Uma guinada nas operações da Petrobras na Colômbia tem causado estranheza nos corredores da própria estatal. Subitamente, a direção da Petrobras passou a tratar como prioridade o projeto de exploração e produção de gás no poço Uchuva-1, no bloco Tayrona. Nos últimos dias, as reuniões entre executivos das duas empresas se intensificaram, envolvendo, inclusive, órgãos de governo e autoridades regulatórias da Colômbia. Na Petrobras, já se fala na criação de uma força tarefa para agilizar a contratação de serviços e equipamentos. O objetivo seria iniciar as atividades em Uchuva-1 no primeiro semestre de 2023, um ano antes do que prevê o cronograma original.
Em contato com o RR, a Petrobras informou que “o consórcio do bloco Tayrona está em fase de planejamento das atividades relativas ao Plano de Avaliação da descoberta do poço Uchuva-1, incluindo possibilidades de otimização do projeto.” Perguntada sobre o cronograma do projeto, a estatal saiu pela tangente: “A primeira etapa da campanha exploratória se deu com a perfuração do poço Uchuva-1 e a próxima etapa respeitará os prazos contratuais do bloco Tayrona, incluindo aqueles relativos ao Plano de Avaliação da Descoberta (PAD) do poço Uchuva, conforme compromissos firmados junto à ANH (Agência Nacional de Hidrocarburos).
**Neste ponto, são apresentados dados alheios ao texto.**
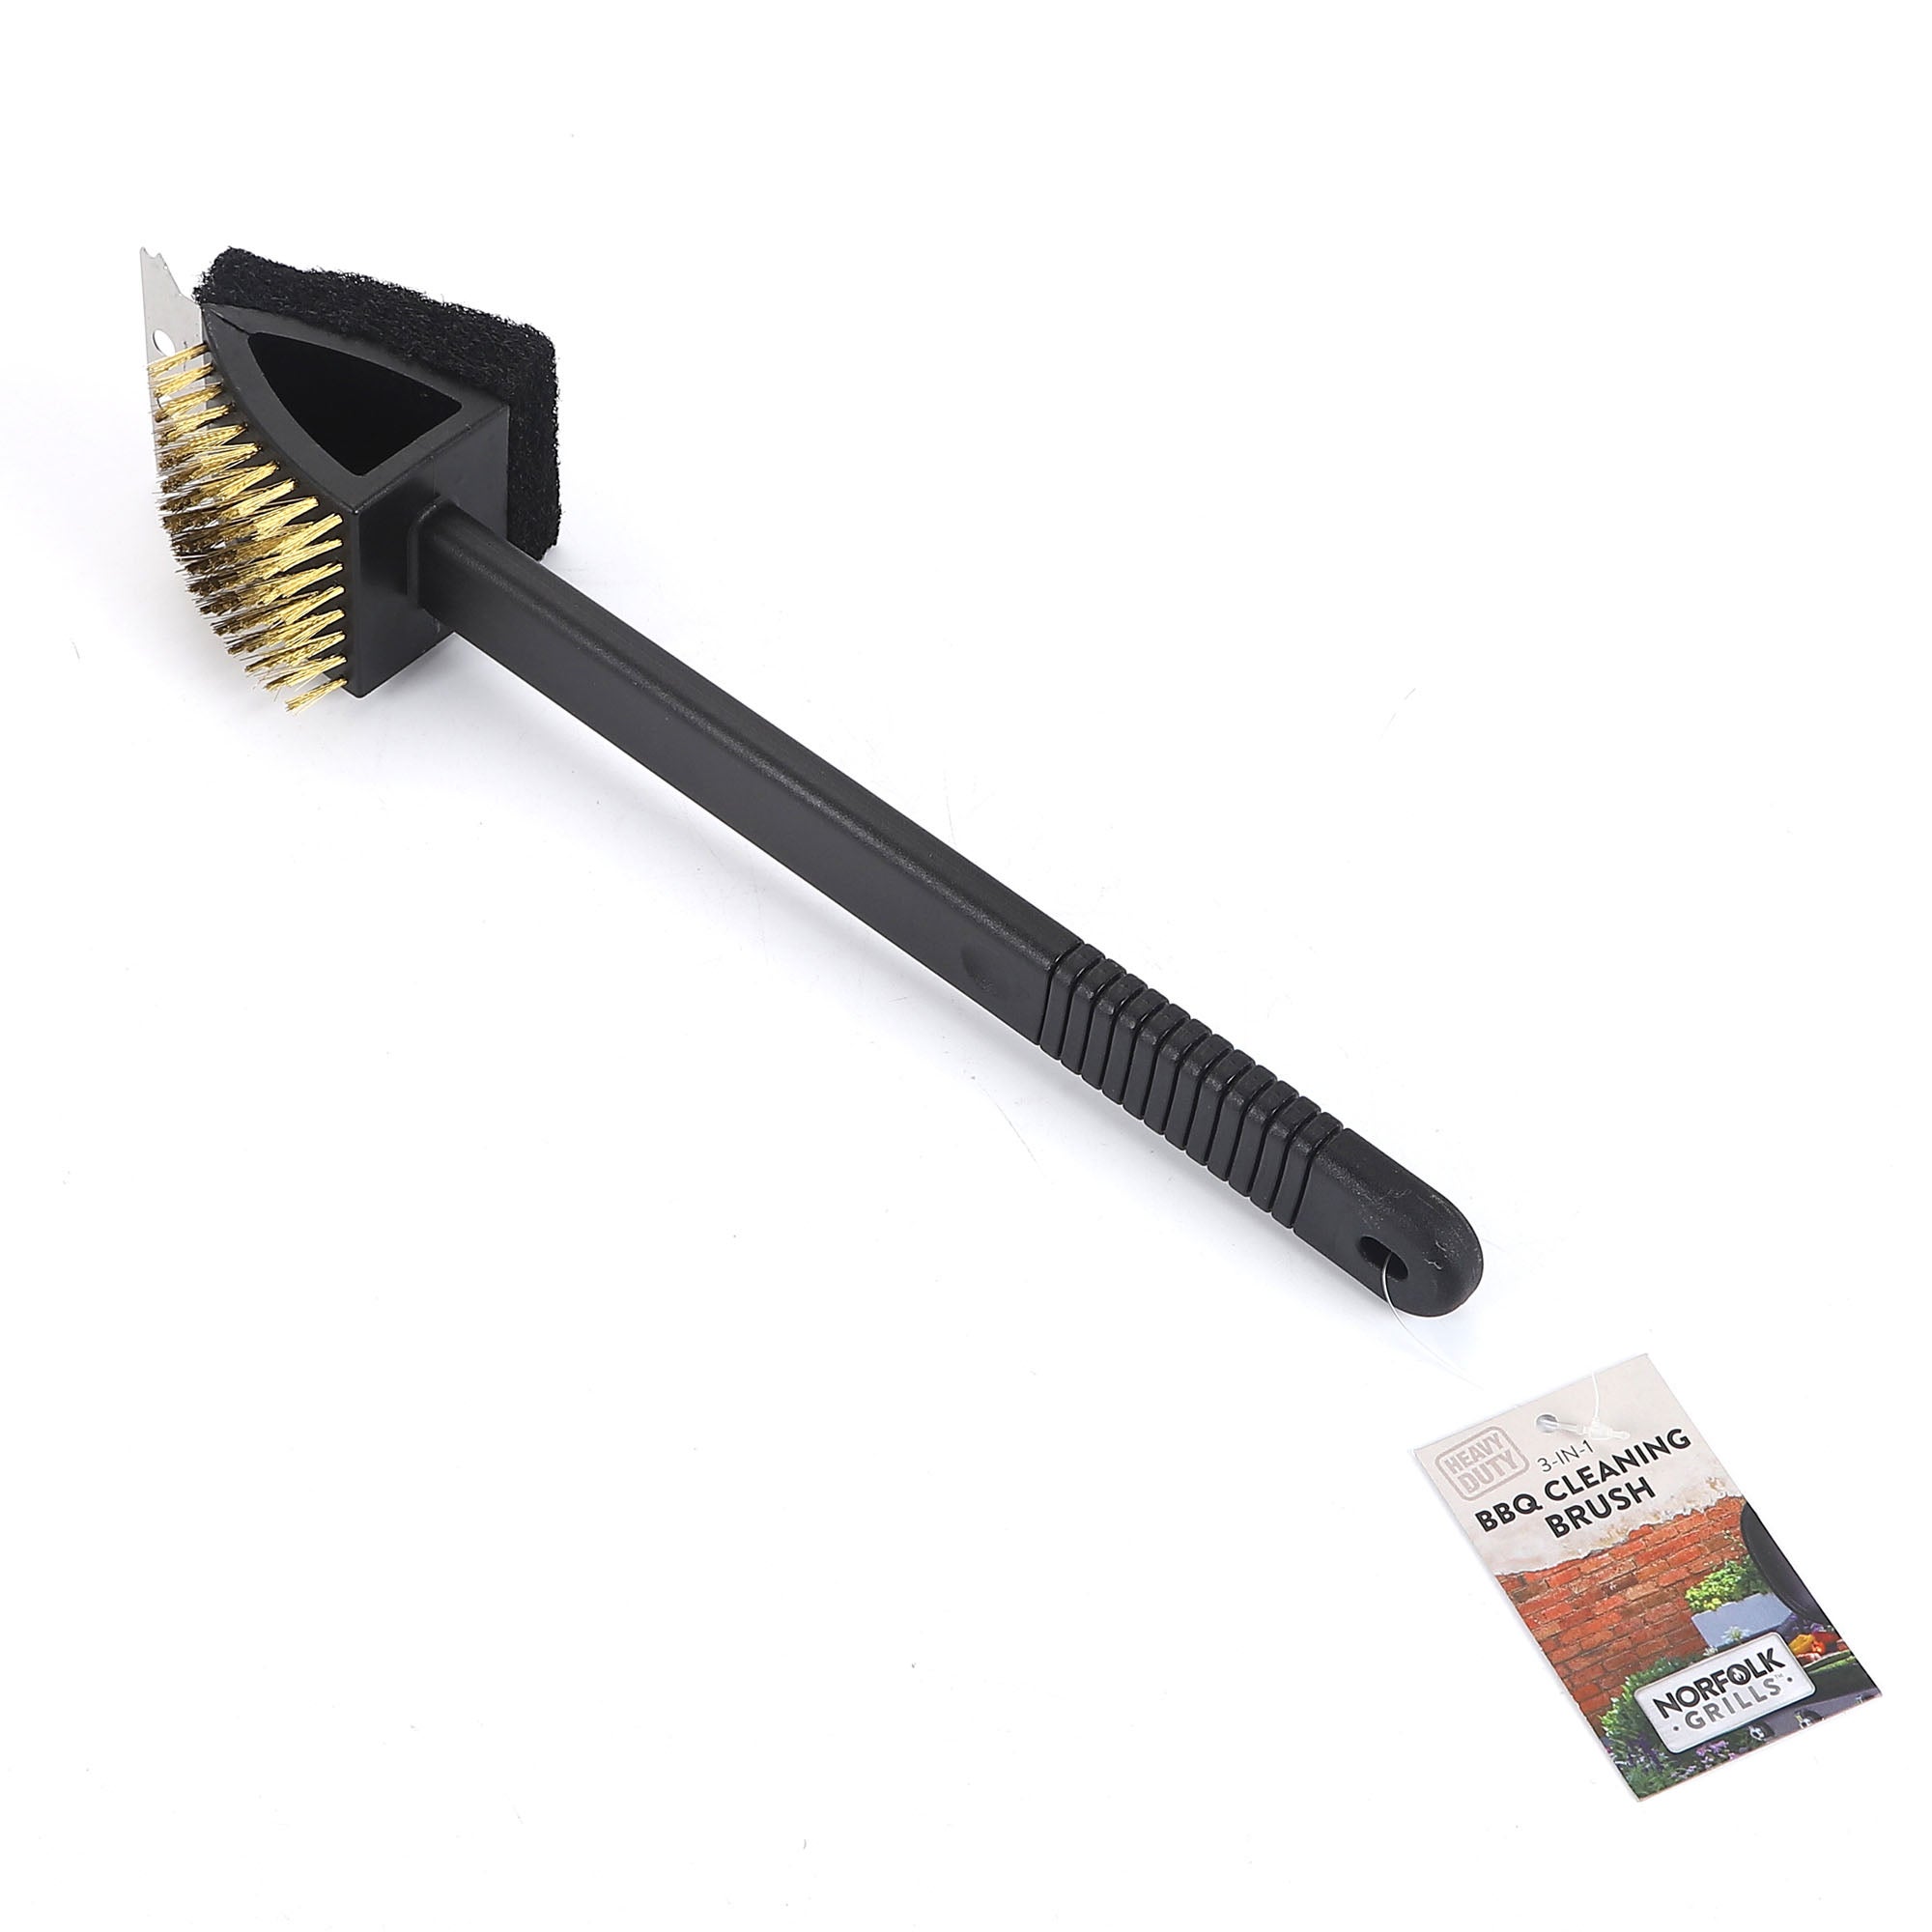 Norfolk Grills 3 in 1 Grill Cleaning Brush

Consultada se já existem movimentações para a contratação de equipamentos e serviços, mais evasivas: “O consórcio do bloco Tayrona atua de forma diligente para o cumprimento contratual dos prazos junto à ANH (Agência Nacional de Hidrocarburos).”
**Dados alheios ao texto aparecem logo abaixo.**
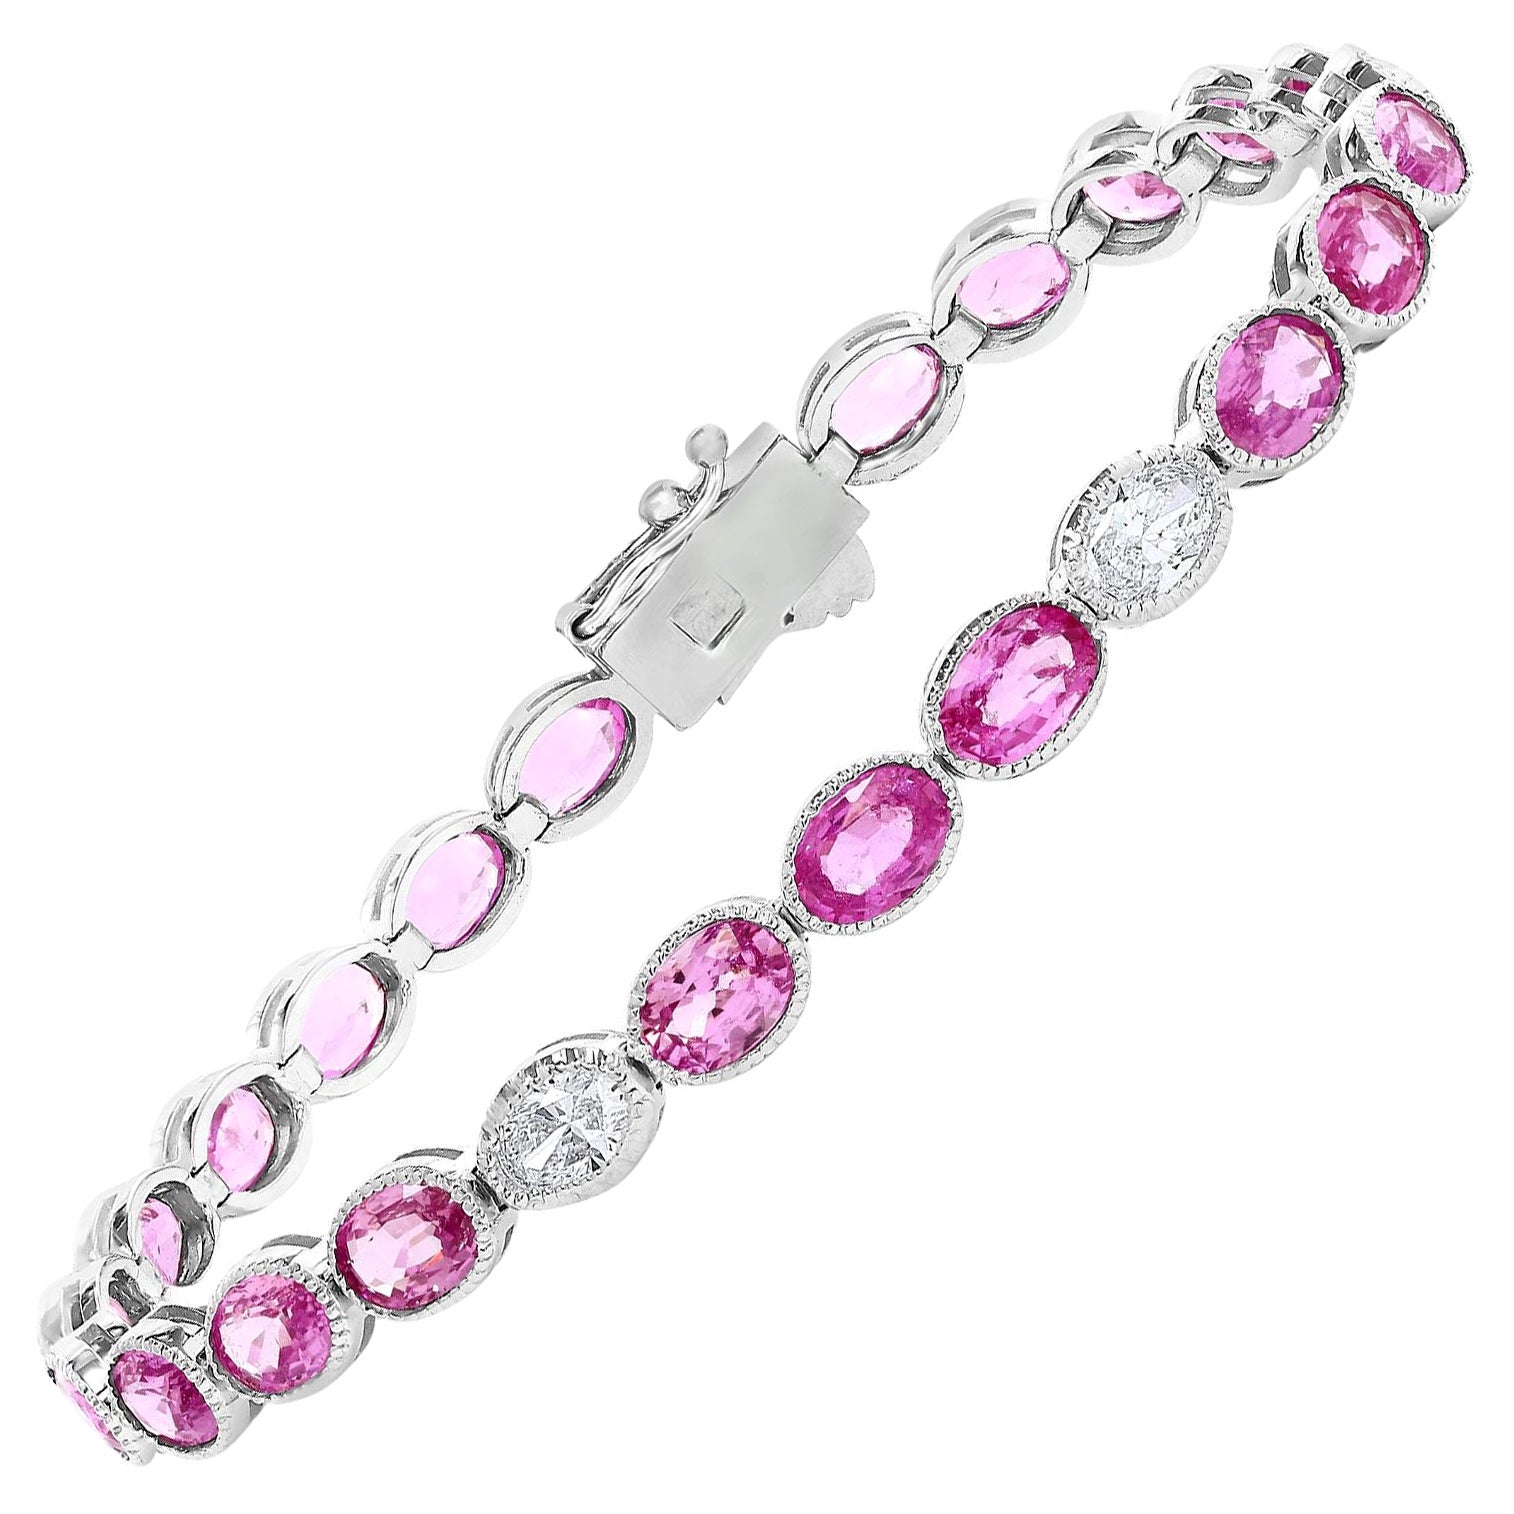 12.62 Carat Oval Cut Pink Sapphire and Diamond Tennis Bracelet in 14K White Gold For Sale

O súbito interesse da direção da Petrobras em relação ao projeto tem incomodado a área técnica da estatal, por uma série de razões. De acordo com a mesma fonte, não há, até momento, qualquer cálculo financeiro aprovado ou estudo definitivo do corpo técnico que embase a antecipação dos investimentos em Uchuva-1. Ao RR, a Petrobras informou o projeto “está em processo de avaliação econômica, conforme compromissos firmados junto à ANH (Agência Nacional de Hidrocarburos) no Plano de Avaliação da Descoberta.” Além disso, dentro da Petrobras sempre vigorou o entendimento de que o projeto é relevante para a Colômbia, mas de menor importância para a estratégia de negócios da própria companhia. Os reservatórios de gás no país estão declinando. Estima-se que já a partir de 2025 a Colômbia terá de importar um volume expressivo do insumo, o que explica a pressa do governo do presidente Gustavo Petro em acelerar o início da campanha de exploração em Uchuva-1. Ou seja: o empreendimento é prioritário para a Colômbia, mas não exatamente para a Petrobras.
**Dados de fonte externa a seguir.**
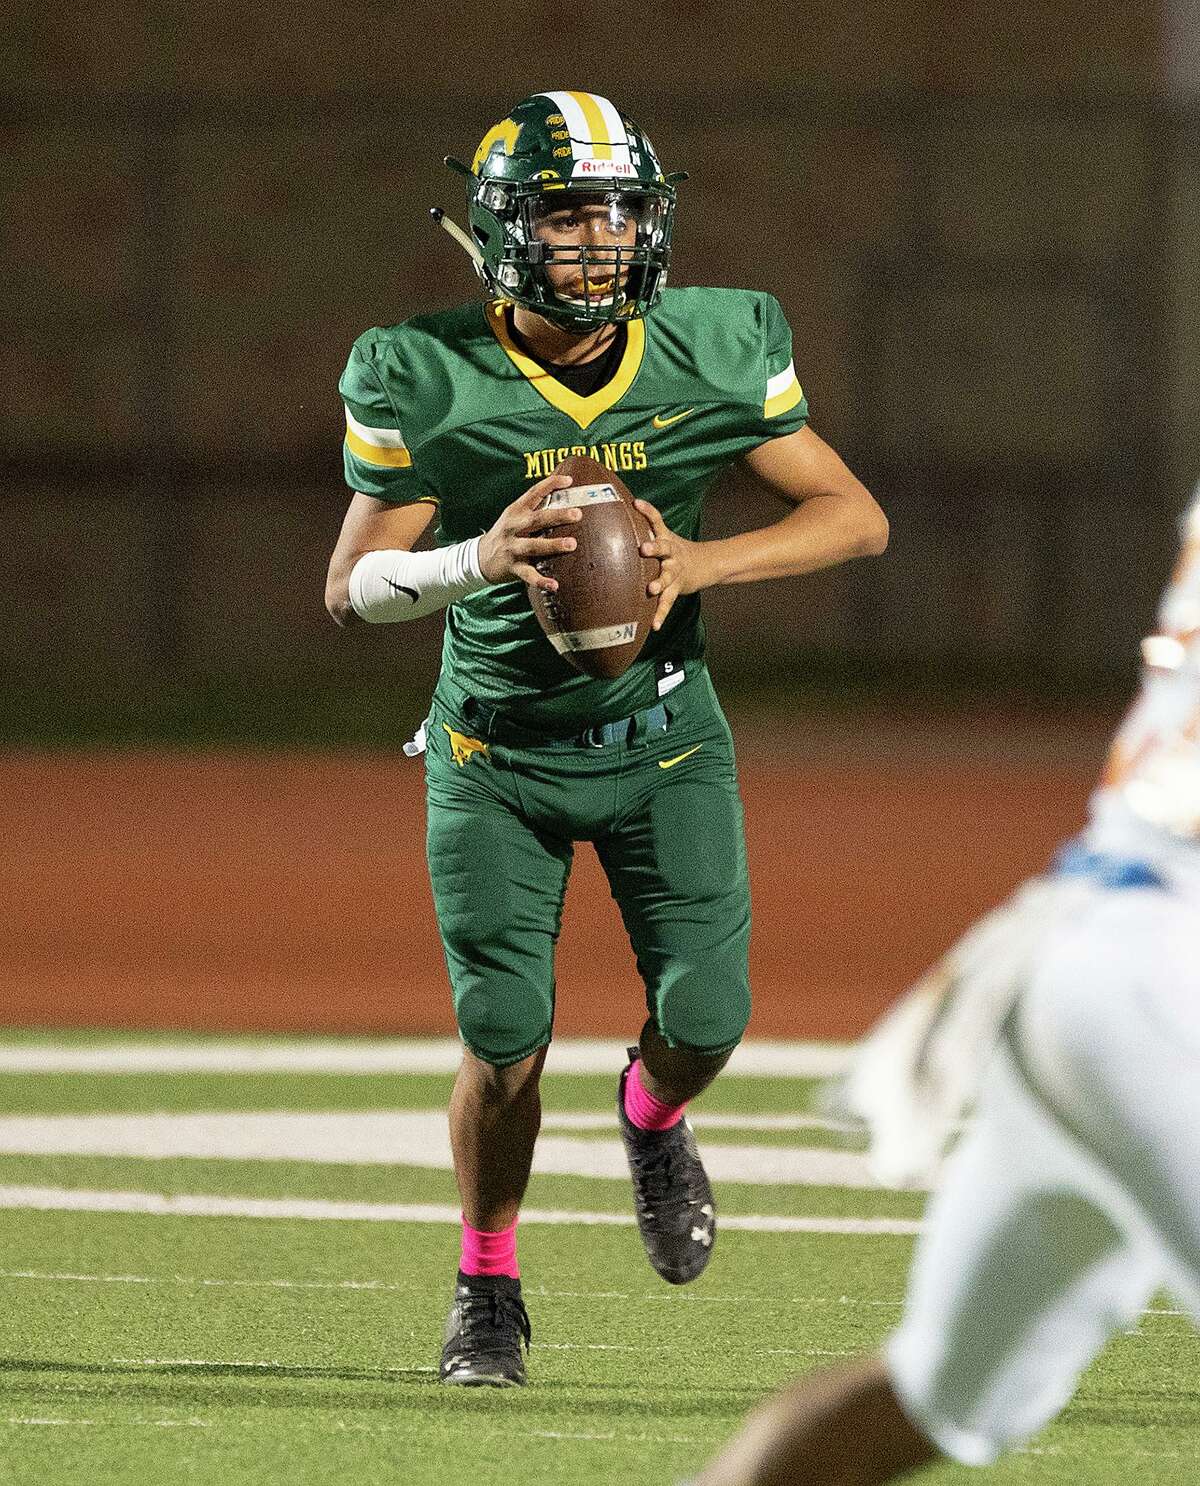 Raymundo Gonzalez and the Nixon Mustangs will play their spring game May 11.

Desde 2020, a operação no bloco Tayrona já era tratada como carta fora do baralho da Petrobras. Tanto que, há mais dois anos, a empresa vem tentando vender sua participação no consórcio com a Ecopetrol. Dentro da própria estatal, há informações desencontradas sobre o processo de desmobilização do ativo. O RR perguntou à Petrobras se a companhia desistiu de se desfazer da sua participação no bloco Tayrona. A resposta? Nenhuma palavra sobre o assunto.